By Pythagoras, the RHS is $|OA|^2+|OB|^2-|AB|^2$ . Now use the cosine law. ♦

Next we wish to generalise the concept of the standard basis e₁ = (1,0,0), e₂ = (0,1,0), e₃ = (0,0,1). The key property we shall need is that they are mutually perpendicular and of length 1. From now onward, we shall sometimes call the elements of $\mathbb R^3$ vectors. Don’t worry too much if you’re not familiar with this term.

Definitions. Thanks to the above theorem, the following definitions make sense.

The length of a vector v is denoted by |v| = √(v·v).
A unit vector is a vector of length 1.
Two vectors v and w are said to be orthogonal if their inner product v·w is 0.
A set of vectors is said to be orthonormal if (i) they are all unit vectors, and (ii) any two of them are orthogonal.
A set of three orthonormal vectors in $\mathbb R^3$ is called an orthonormal basis.

[ In general, any orthonormal set can be extended to an orthonormal basis, and any orthonormal basis has exactly 3 elements. We won’t prove this, but geometrically it should be obvious. Hopefully we’ll get around to abstract linear algebra, from which this will follow quite naturally. ]

Our favourite orthonormal basis is e₁ = (1,0,0), e₂ = (0,1,0), e₃ = (0,0,1).

In general, the nice thing about an orthonormal basis is that in order to express any arbitrary vector v as a linear combination v = c₁e₁ + c₂e₂ + c₃e₃, there’s no need to solve a system of linear equations. Instead we just take the dot product.

Theorem 2. Let {v₁, v₂, v₃} be an orthonormal basis. Every vector w is uniquely expressible as w = c₁v₁ + c₂v₂ + c₃v₃, where c_i is given by c_i = w·v_i.
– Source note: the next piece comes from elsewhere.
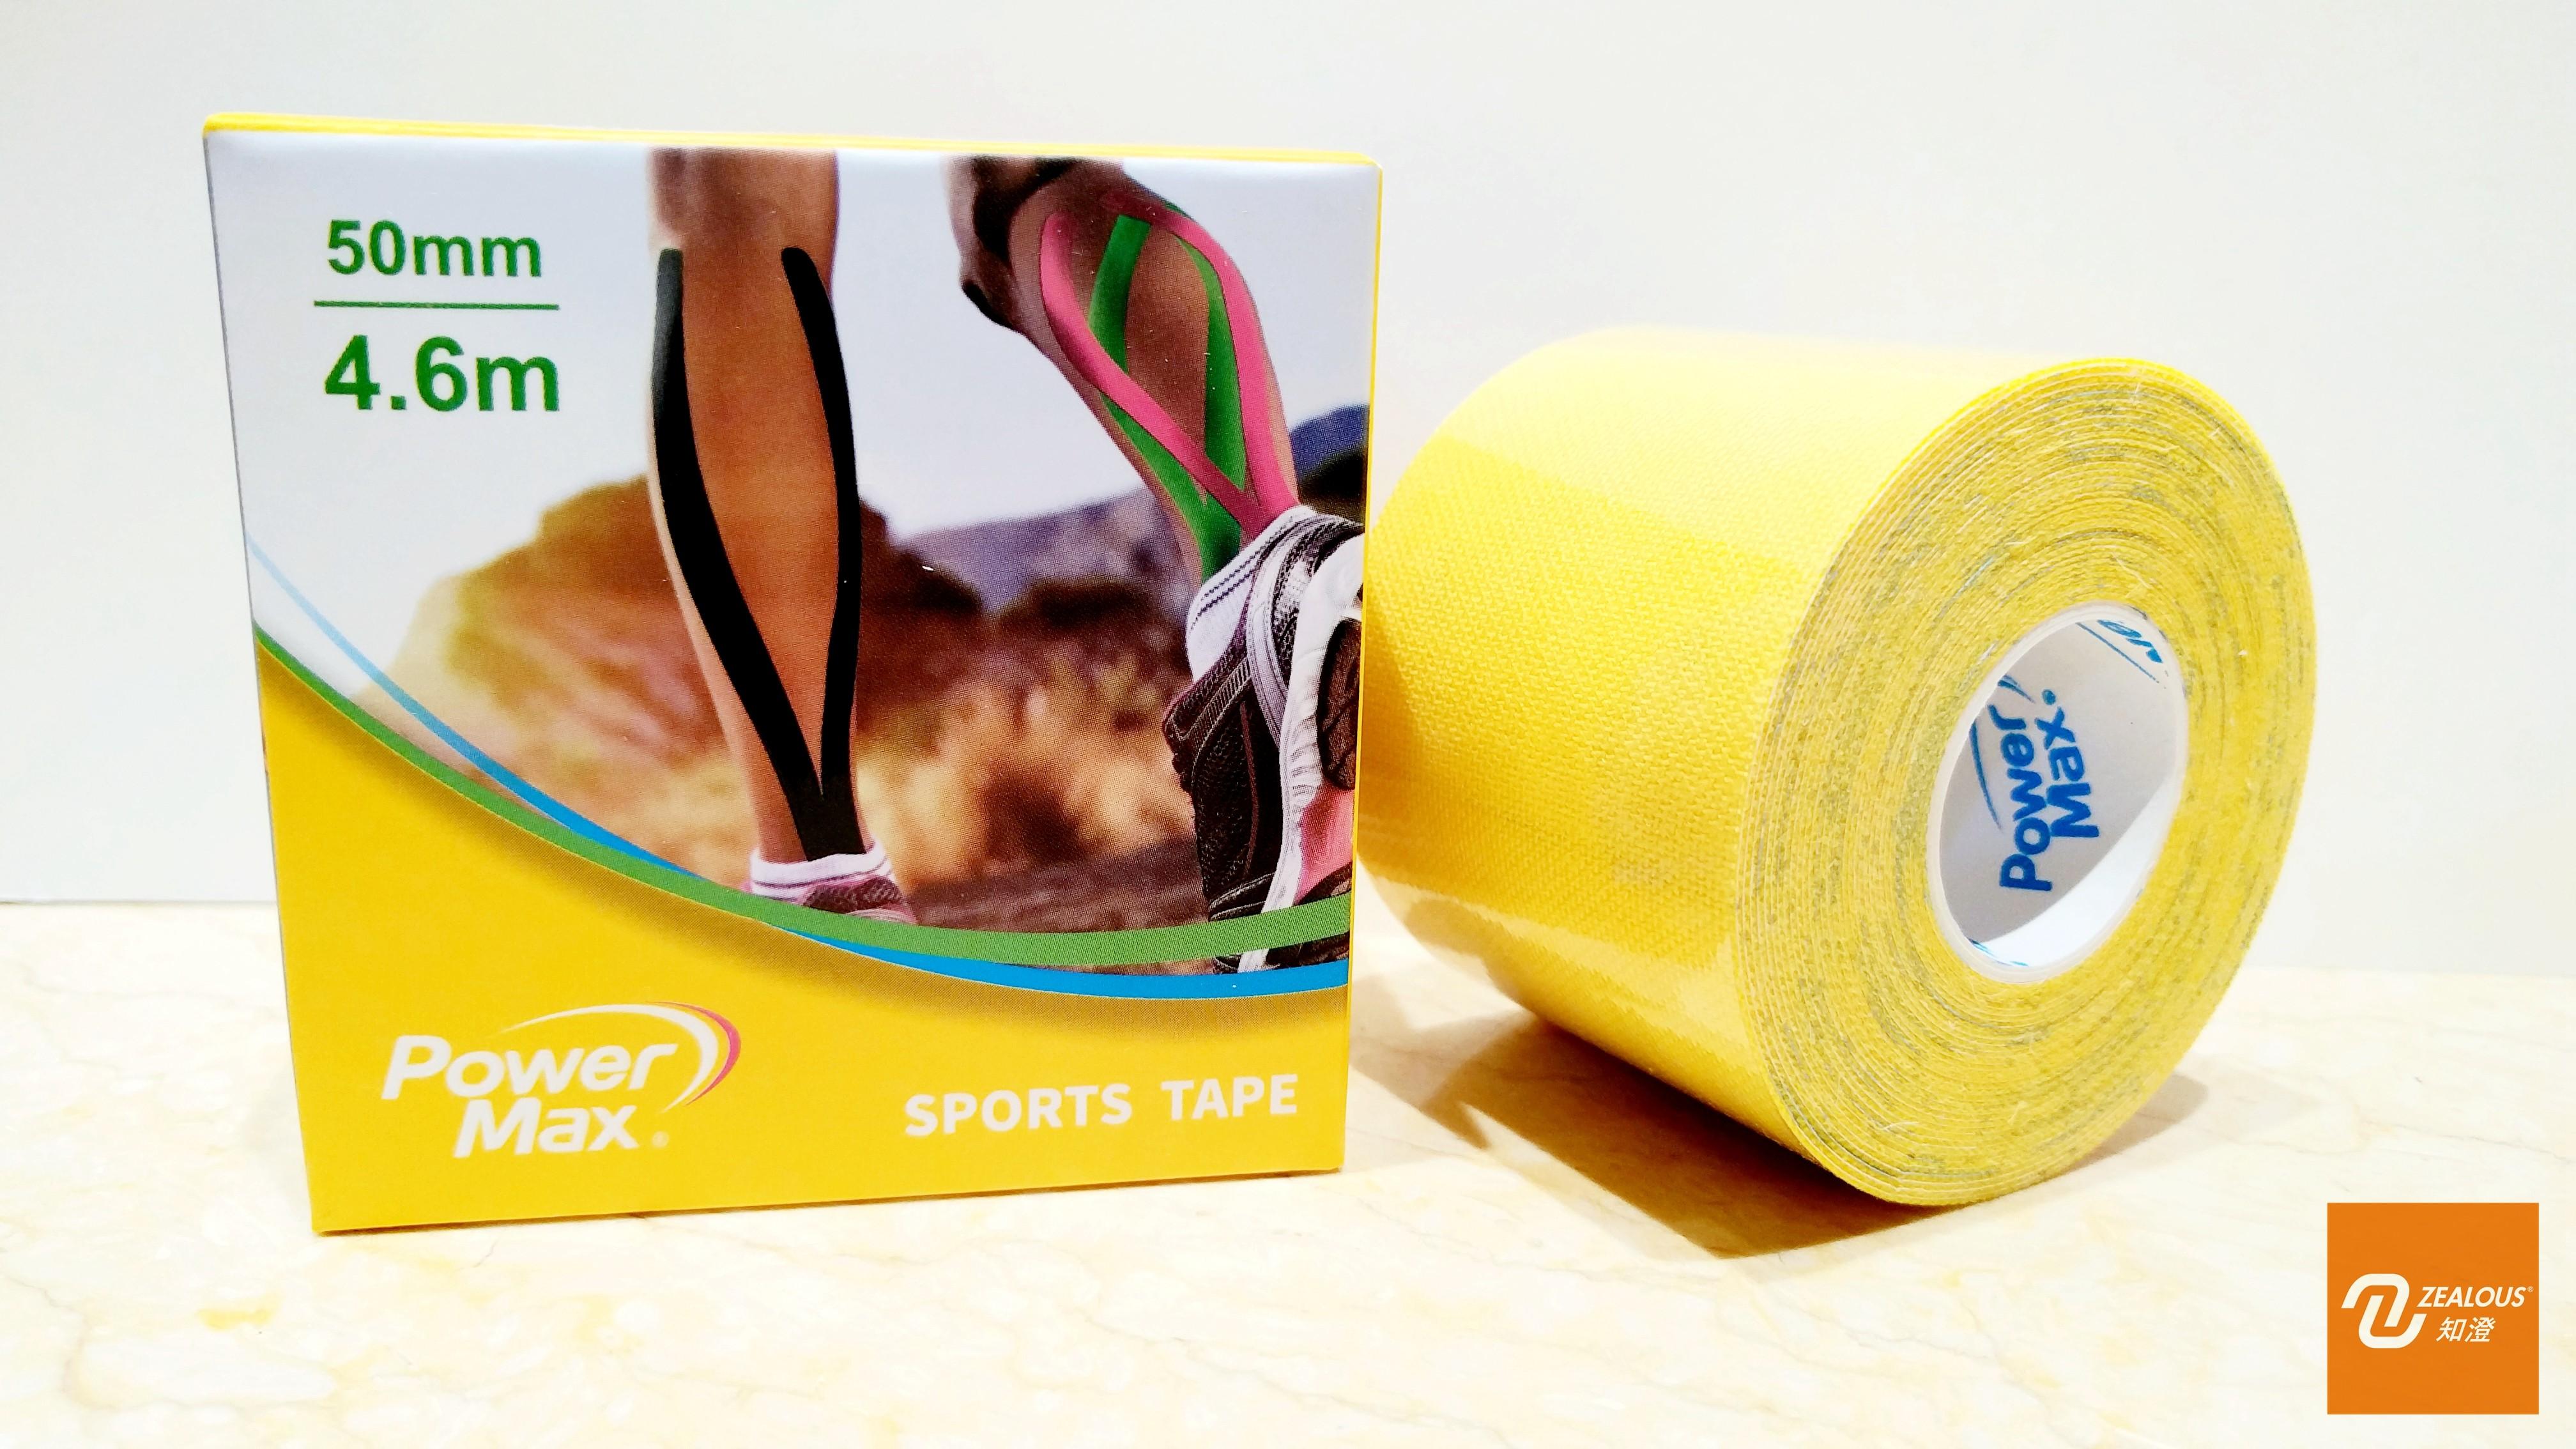 PowerMax Light 給力貼肌能貼 貝兒黃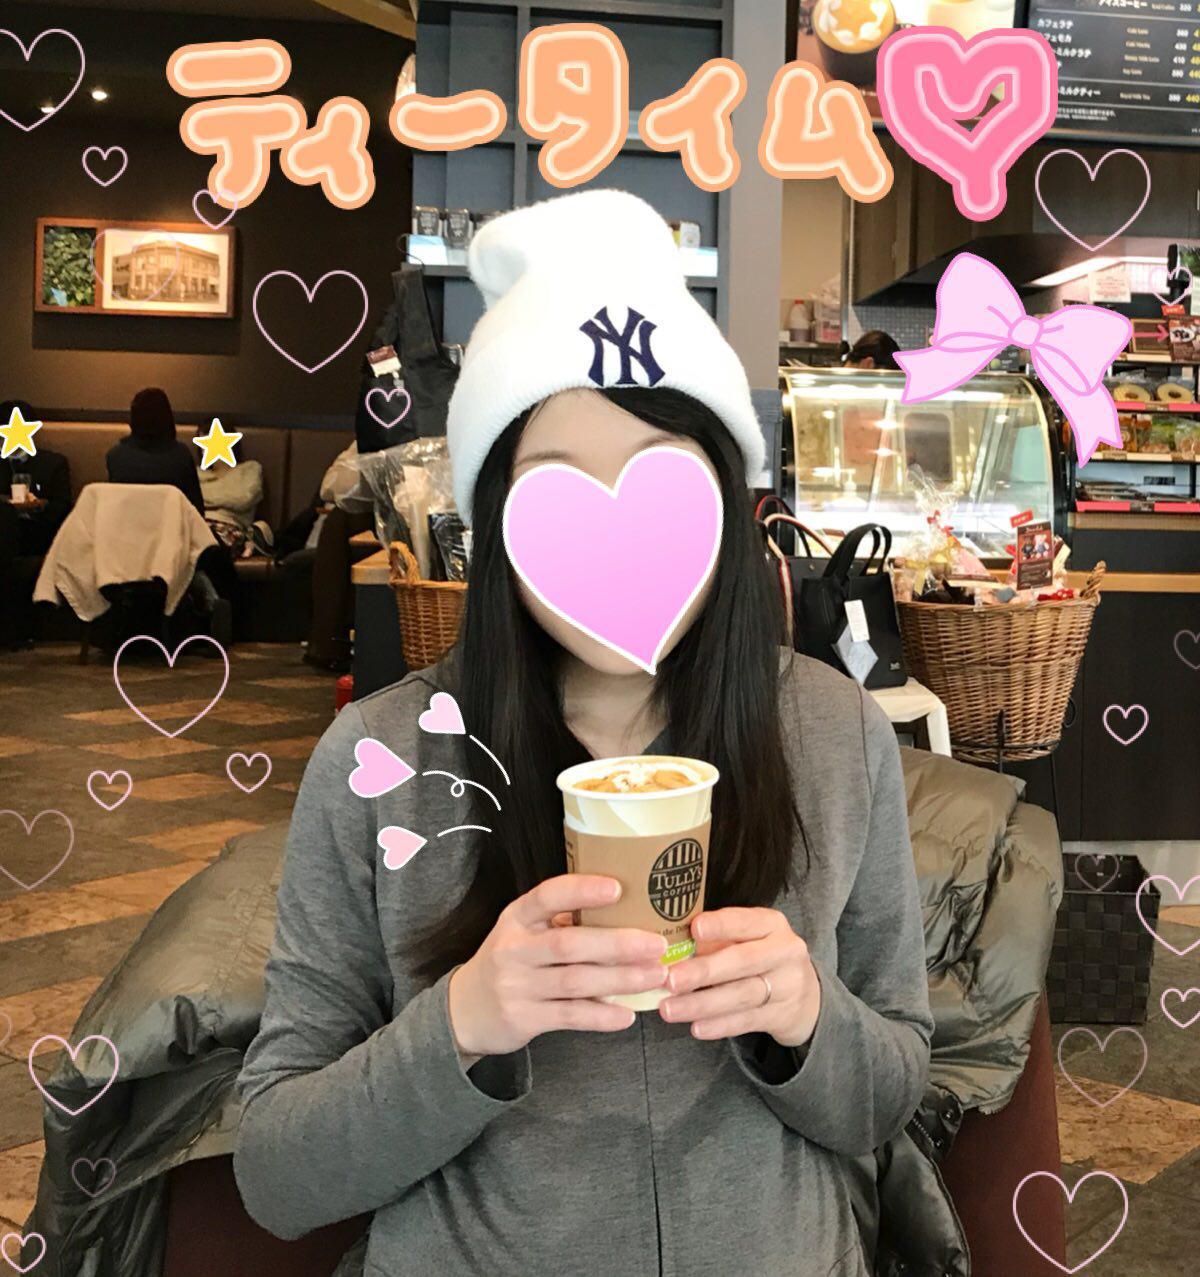 photo_2018-02-11_23-45-32.jpg

Proof. Suppose w is of the form w = c₁v₁ + c₂v₂ + c₃v₃. Then we apply linearity of the dot product (see proof of theorem 1) to get:

$\mathbf w \cdot \mathbf v_i = (c_1 \mathbf v_1 + c_2\mathbf v_2 + c_3\mathbf v_3)\cdot v_i = c_1(v_1\cdot v_i) + c_2(v_2\cdot v_i) + c_3(v_3\cdot v_i).$

Since the v_i‘s are orthonormal, the only surviving term is $c_i (v_i \cdot v_i) = c_i$ . This proves the last statement, as well as uniqueness. To prove existence, let c_i = w·v_i and x = c₁v₁ + c₂v₂ + c₃v₃. We see that for i=1,2,3 we have:

$\mathbf x \cdot \mathbf v_i = (c_1\mathbf v_1 + c_2\mathbf v_2 + c_3\mathbf v_3)\cdot \mathbf v_i = c_i = \mathbf w\cdot \mathbf v_i,$

so w – x is orthogonal to all three vectors {v₁, v₂, v₃}. This contradicts the fact that we cannot have more than 3 vectors in an orthonormal basis of $\mathbb R^3$ . ♦

[ Geometrically, the idea is to project w onto each of {v₁, v₂, v₃} in turn to get the coefficients. ]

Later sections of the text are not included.